The Senate Community Affairs Committee Report into the Fairer Private Health Insurance Incentives Bill, 2009, predictably ignores the impact which means-testing the 30% Rebate will have on people downgrading their private health insurance.

AHIA CEO, Dr Michael Armitage, said the Government Senators’ Report quotes the “usual suspects”, who have long sought to abolish any incentives for people to hold private health insurance.

“Unfortunately this Report is simply a political document which ignores the facts and makes false claims about the private health sector. For example:

“… the committee queries AHIA’s assumption that there will be a direct and absolute transfer of private hospital ‘episodes’ to the public system. It highlights research indicating the over treatment of patients in private hospitals and the fact that private hospitals offer many treatments which are non-essential and maybe forgone.” (Senate Report, page 28)

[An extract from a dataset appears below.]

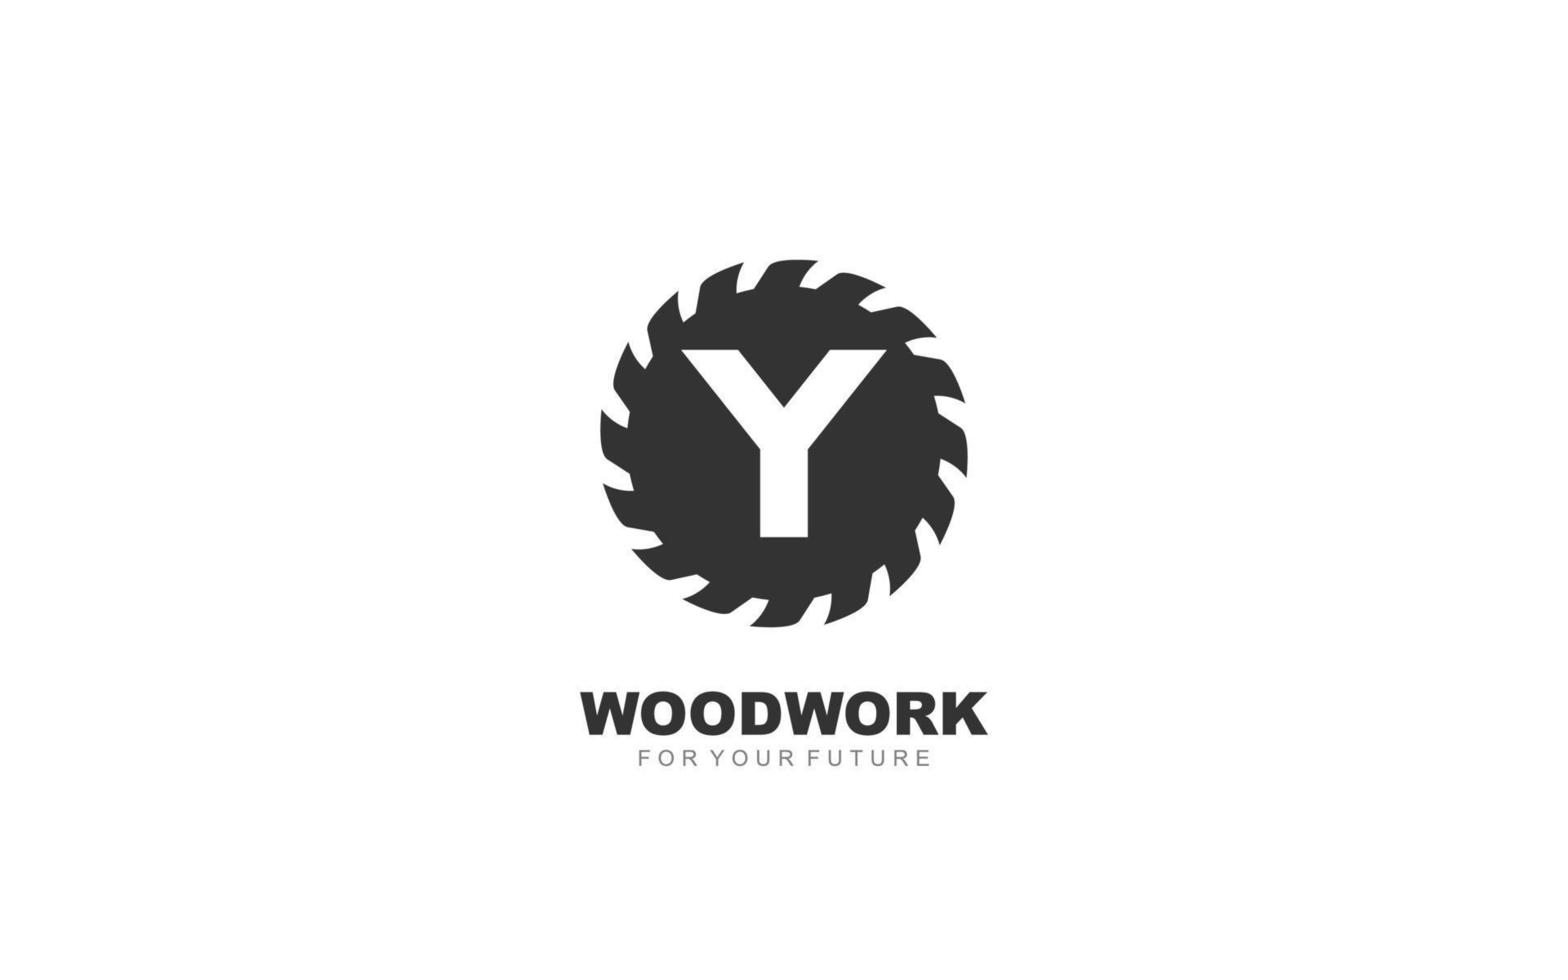 Y logo sawmill vector for woodworking company. initial letter carpentry template vector illustration for your brand.

“This Report fails to mention that according to the Australian Institute of Health and Welfare, private health funding contributes towards 56 per cent of all surgery in hospitals. This funding includes for example, supporting 55 per cent of procedures for malignant breast conditions, 55 per cent of chemotherapy cancer treatments and 70 per cent of same day mental health episodes,” said Dr Armitage.

“In fact, in her media and Parliamentary statements about the legislation, the Minister for Health and Ageing herself acknowledges that there will be a transfer of patients from the private to the public Sector. All Australians, except apparently some ALP Senators who were members of the Committee, know this will happen”.

“The Rudd Government’s plan to means-test the 30% Rebate will increase pressure on our already stressed public hospital system, put upward pressure on premiums and punish those Australians who work hard to get ahead and take responsibility for their own health care costs.

“Based on market research, the AHIA estimates that up to 240,000 Australians with private hospital insurance are likely to exit cover as a result of this legislation. A further 730,000 Australians are likely to downgrade their level of hospital cover and an additional 775,000 persons will exit their General Treatment (Extras) Cover as a result of this policy change.

“The proposed means-testing of the 30% Rebate is bad health policy, and on behalf of the more than 11 million Australians with private health insurance, we urge the Senate to reject this legislation,” said Dr Armitage.